The CLI stores three bearer credential types:

NVCF_TOKEN: Generated by nvcf-cli init. The default CLI credential for management operations and self-hosted cluster management.
NVCF_API_KEY: Generated by nvcf-cli api-key generate. The default CLI credential for function invocation, function discovery, and queue status.
NVCF_NVCT_API_KEY: Generated by nvcf-cli api-key generate. Used automatically for all task subcommands.

For NVCF API endpoints, either bearer type can be used when it includes the required scope. The CLI prefers NVCF_API_KEY for read, invoke, and queue commands. It prefers NVCF_TOKEN for management commands when both credentials are configured. Self-hosted SIS cluster management uses NVCF_TOKEN. Task commands always use NVCF_NVCT_API_KEY.

See Scope reference for the self-hosted scope matrix used by CLI commands and API endpoints.

Generate NVCF_TOKEN

# Generate fresh NVCF_TOKEN (clears existing state)
./nvcf-cli init

# With debug output
./nvcf-cli init --debug

# Example output:
# [INFO] Starting fresh session...
# [INFO] Generating admin token from API Keys service...
# [SUCCESS] Admin token generated and saved
# Token: <admin-token>
# Expires: 2025-11-19 06:08:15

Refresh NVCF_TOKEN

Refresh your token while preserving function context:

# Refresh NVCF_TOKEN (keeps current function state)
./nvcf-cli refresh

# Example output:
# [SUCCESS] Admin token refreshed
# Function ID: func-abc123  (preserved)

Generate API Keys

api-key generate mints both a function key (NVCF_API_KEY) and a task key (NVCF_NVCT_API_KEY) in a single command. Use --for to generate only one.

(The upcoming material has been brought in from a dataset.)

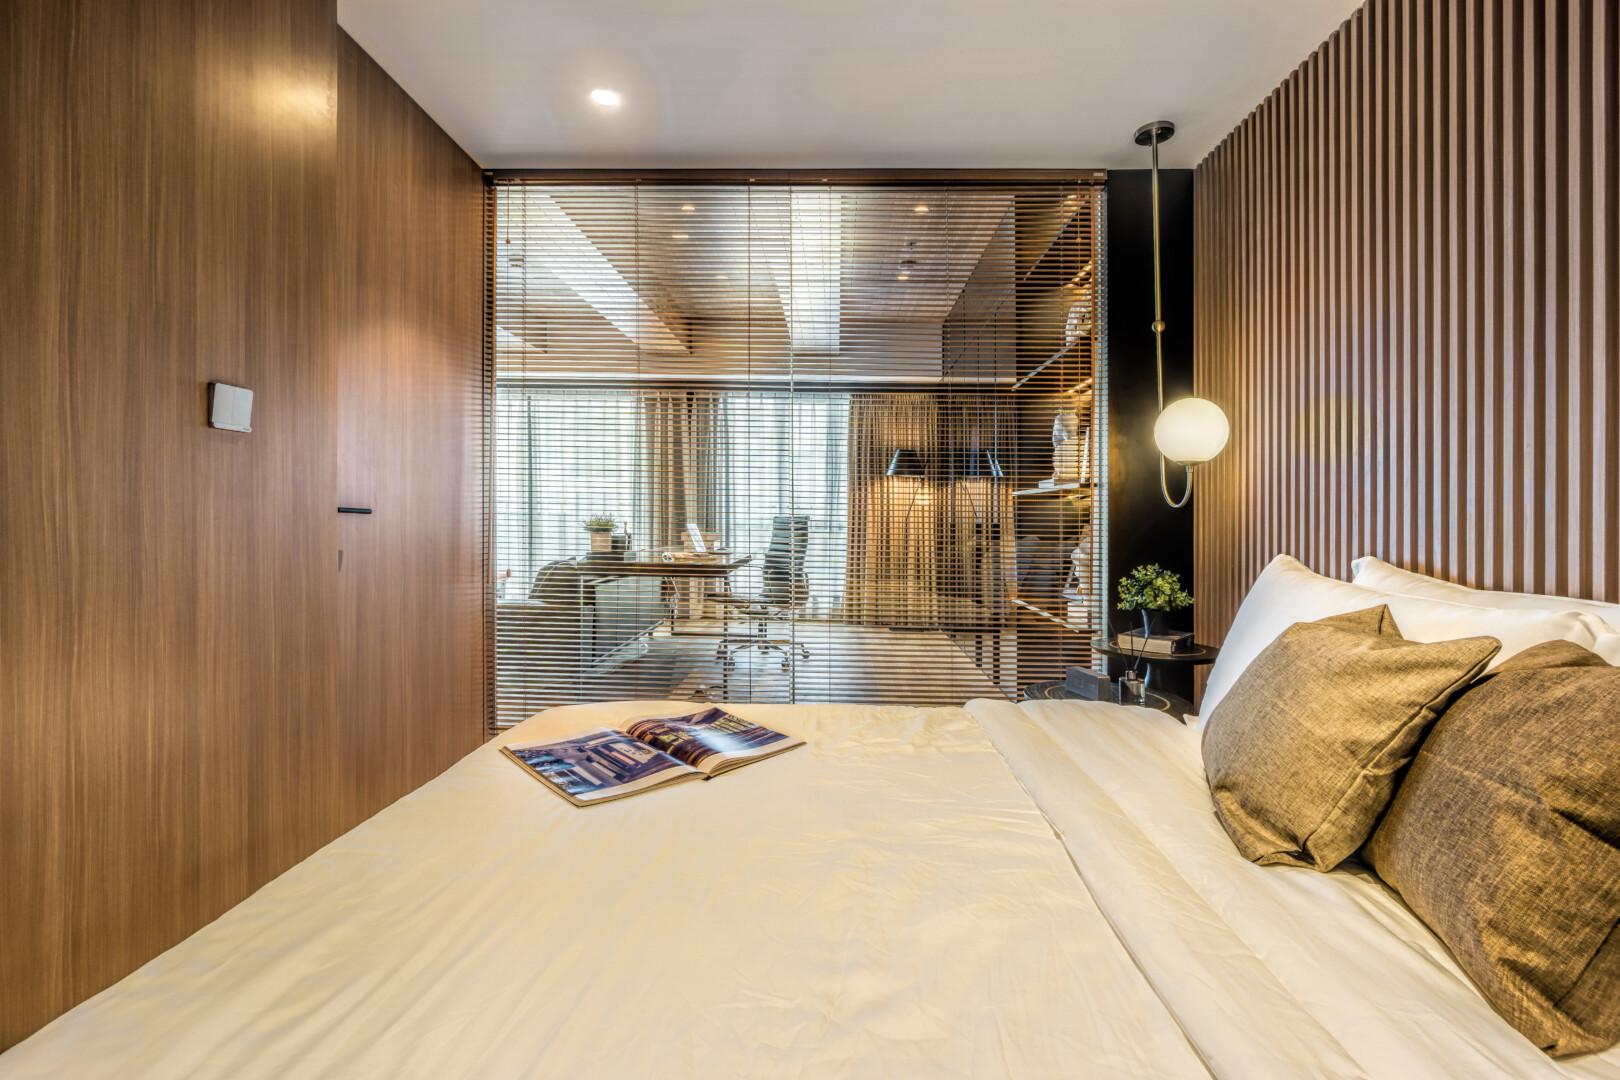 Room 09 - Image 3

# Generate both keys with defaults (24h expiration)
./nvcf-cli api-key generate

# Generate only the function key
./nvcf-cli api-key generate --for function

# Generate only the task key
./nvcf-cli api-key generate --for task

# Custom expiration and description
./nvcf-cli api-key generate --expires-in 48h --description "Production key"

# Generate with custom scopes (requires --for)
./nvcf-cli api-key generate --for function --scopes invoke_function,list_functions

# Generate and validate
./nvcf-cli api-key generate --validate

Default function key scopes:

Scope	Description
`invoke_function`	Execute deployed functions
`list_functions`	View available functions
`list_functions_details`	View detailed function metadata
`queue_details`	Monitor function execution queues

Default task key scopes:

Scope	Description
`launch_task`	Submit new tasks
`list_tasks`	List tasks
`task_details`	Get task status and details
`cancel_task`	Cancel a running task
`delete_task`	Delete a task
`list_events`	List task events
`list_results`	Retrieve task results
`update_secrets`	Update secrets for a task

Command Reference

Self-hosted Deployment Commands

Use these commands to install and inspect self-hosted NVCF deployments. For the local k3d installation flow, see Quickstart.

Command	Description
`self-hosted check --pre`	Check local tools and Kubernetes access before installation.
`self-hosted check --all`	Run all currently available self-hosted checks. Use this with pod, route, and function smoke validation.
`self-hosted up --cluster-name <cluster-name> --nca-id <nca-id> --region <region>`	Run the local k3d fresh-install flow.
`self-hosted status`	Show a deployment health summary.
`self-hosted install --control-plane`	Run the control-plane installation primitive.
`self-hosted install --compute-plane --cluster-name <cluster-name>`	Run the compute-plane installation primitive for a registered GPU cluster.
`self-hosted uninstall --compute-plane --cluster-name <cluster-name>`	Remove compute-plane components for the GPU cluster.
`self-hosted uninstall --control-plane`	Remove control-plane components.

Bundle source overrides:

--control-plane-stack selects the control-plane stack bundle.
--compute-plane-stack selects the compute-plane stack bundle.
Both flags accept local paths, git URLs, and oci:// references.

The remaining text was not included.